▶ [STUDY MATERIAL]:
++++++++++
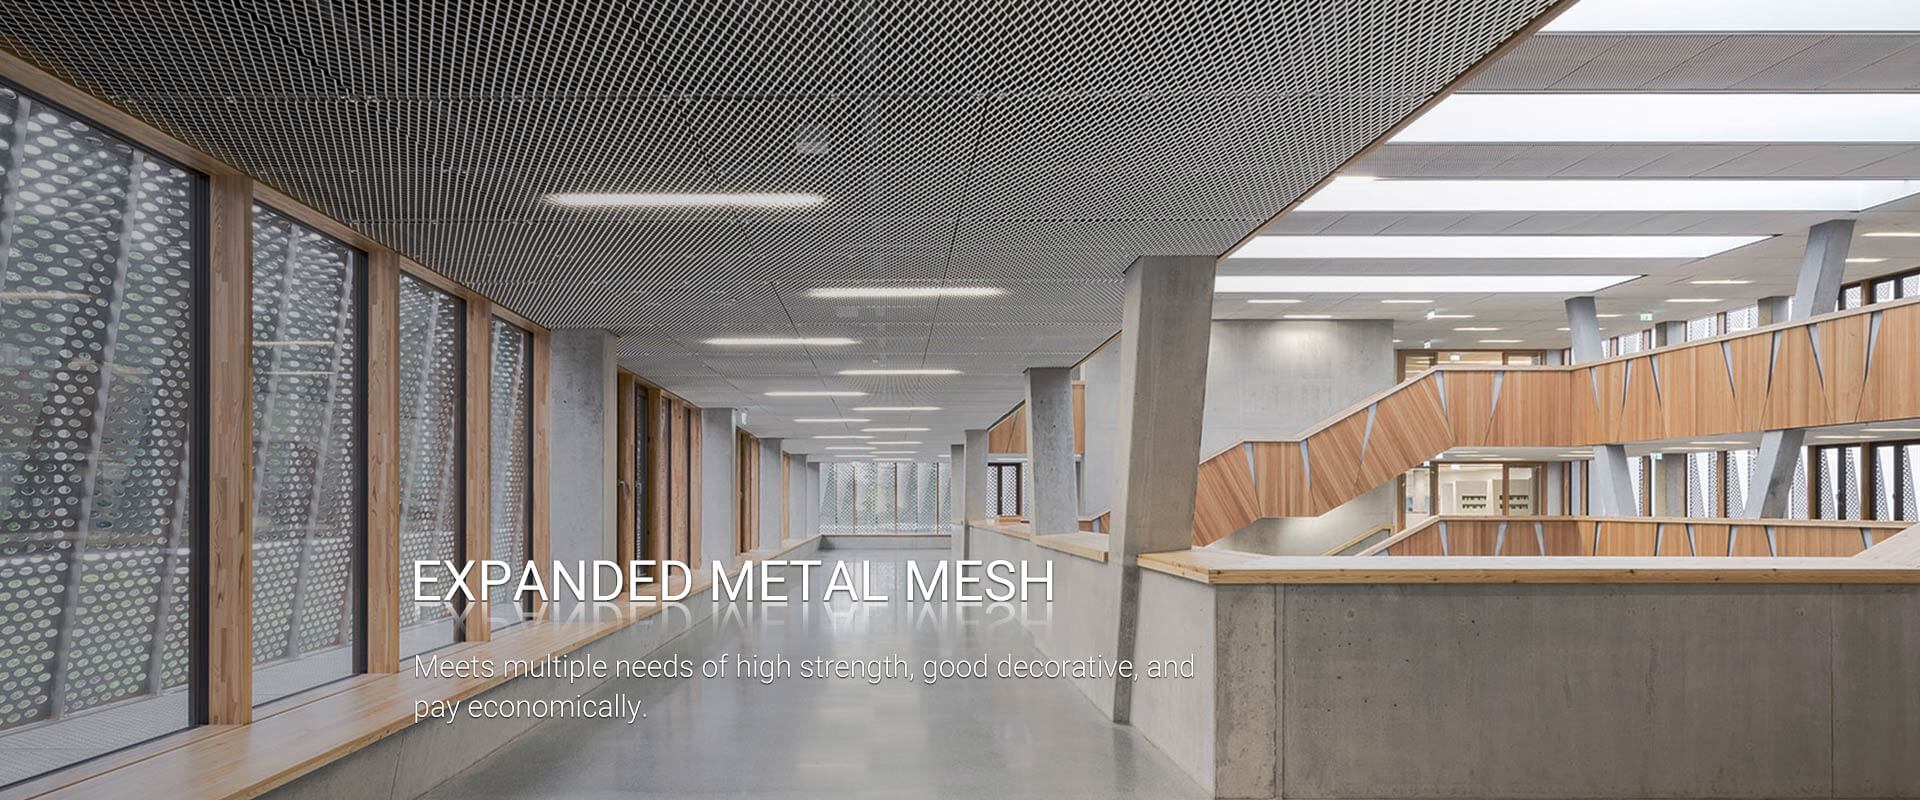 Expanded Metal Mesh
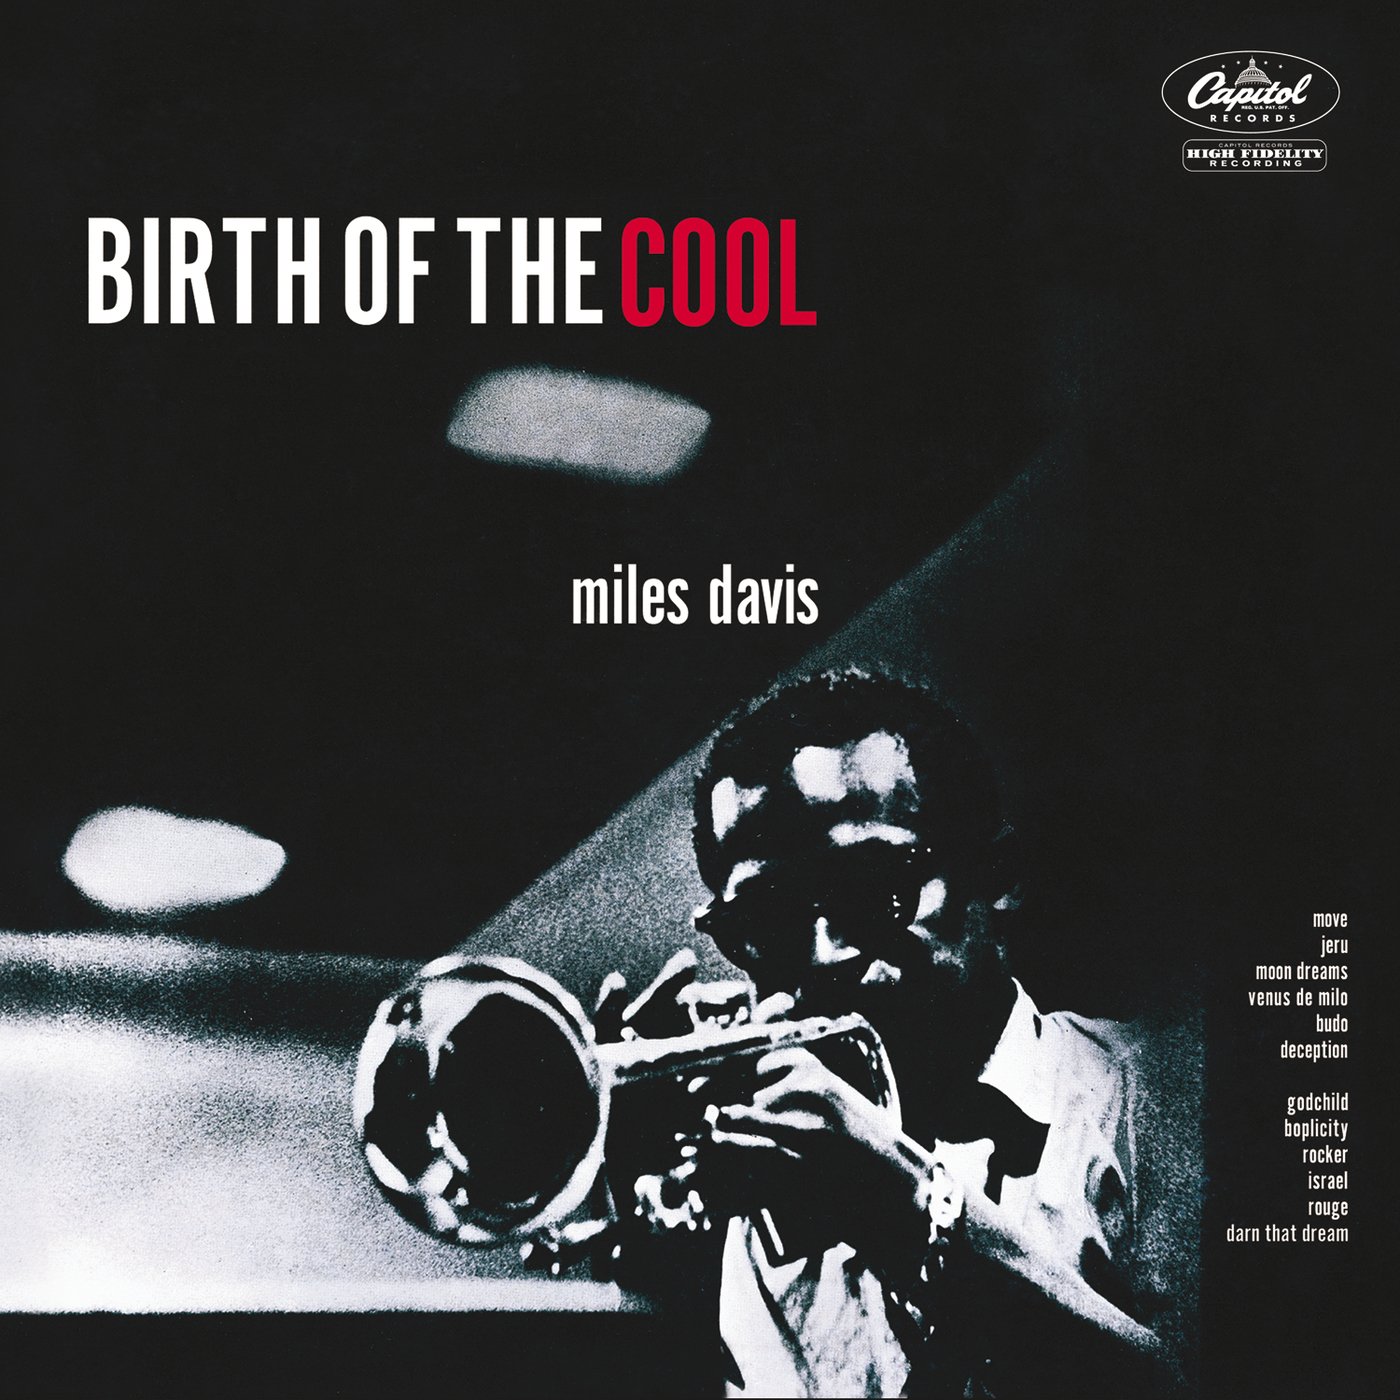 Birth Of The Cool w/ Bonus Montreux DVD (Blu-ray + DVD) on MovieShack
++++++++++
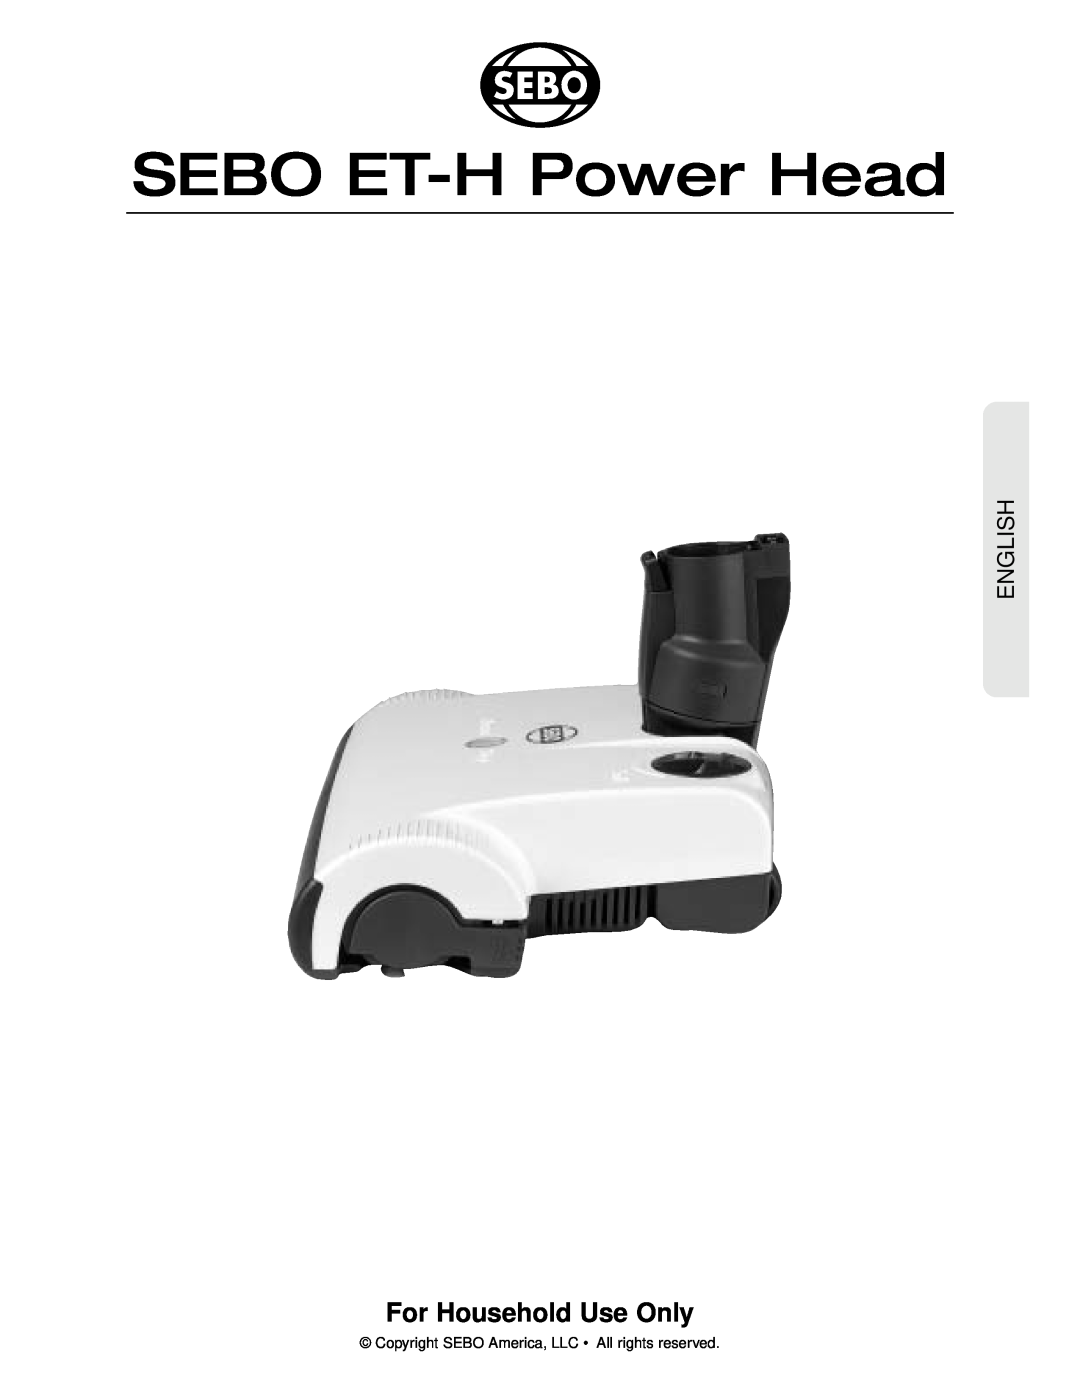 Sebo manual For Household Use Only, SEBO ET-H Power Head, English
++++++++++
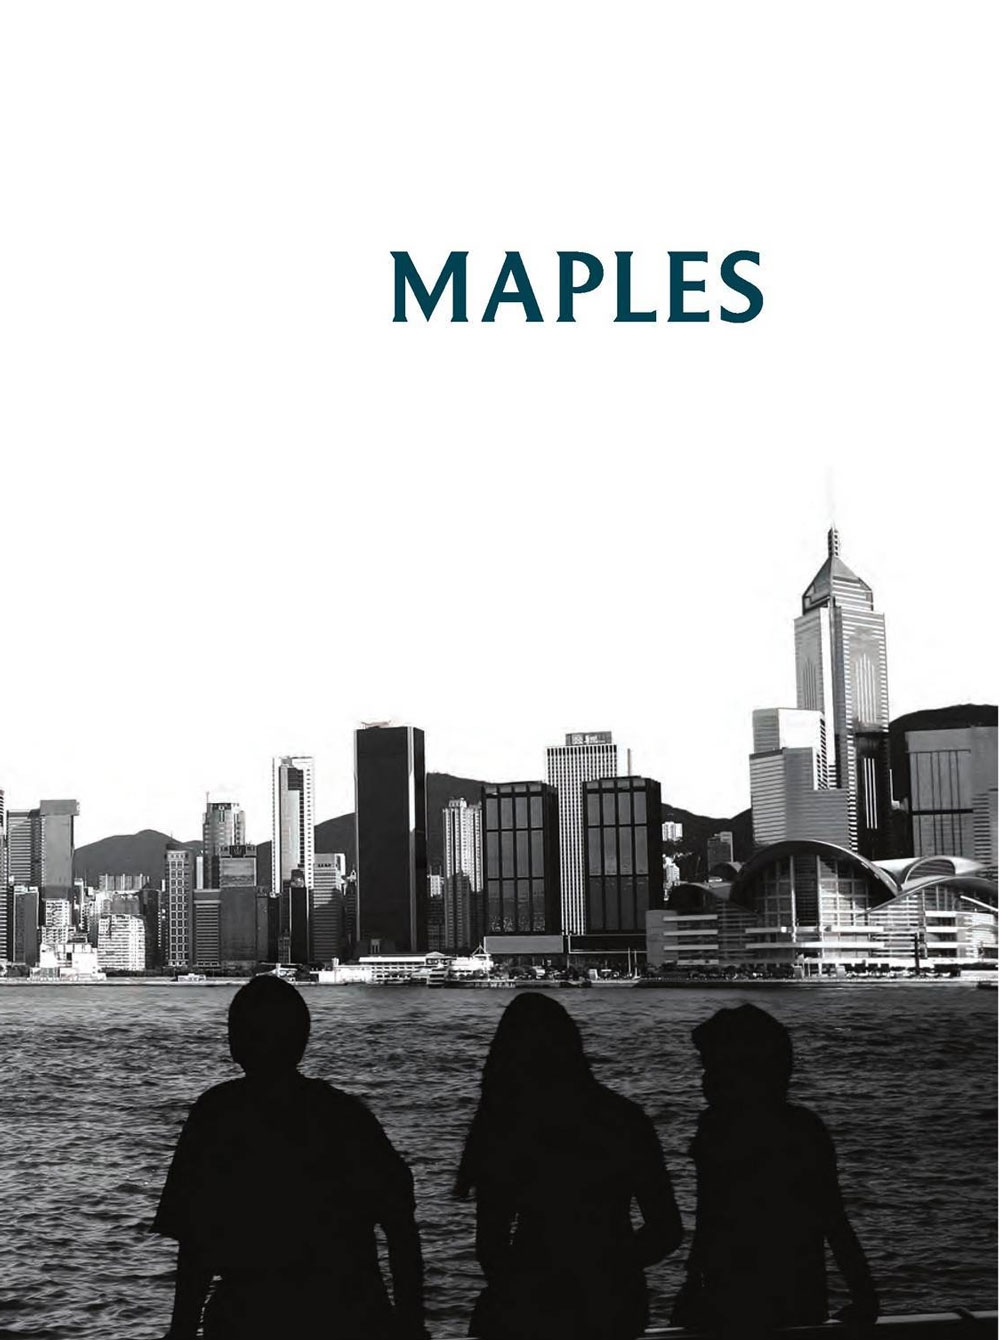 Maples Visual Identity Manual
++++++++++
▶ [TO DO]:
Copy out exactly the material that runs from the line with "Expanded Metal Mesh" to the line with "Birth Of The", ends included, and leave the pictures behind.

▶ [RESULT FOR THIS TASK]:
 Expanded Metal Mesh
 Birth Of The Cool w/ Bonus Montreux DVD (Blu-ray + DVD) on MovieShack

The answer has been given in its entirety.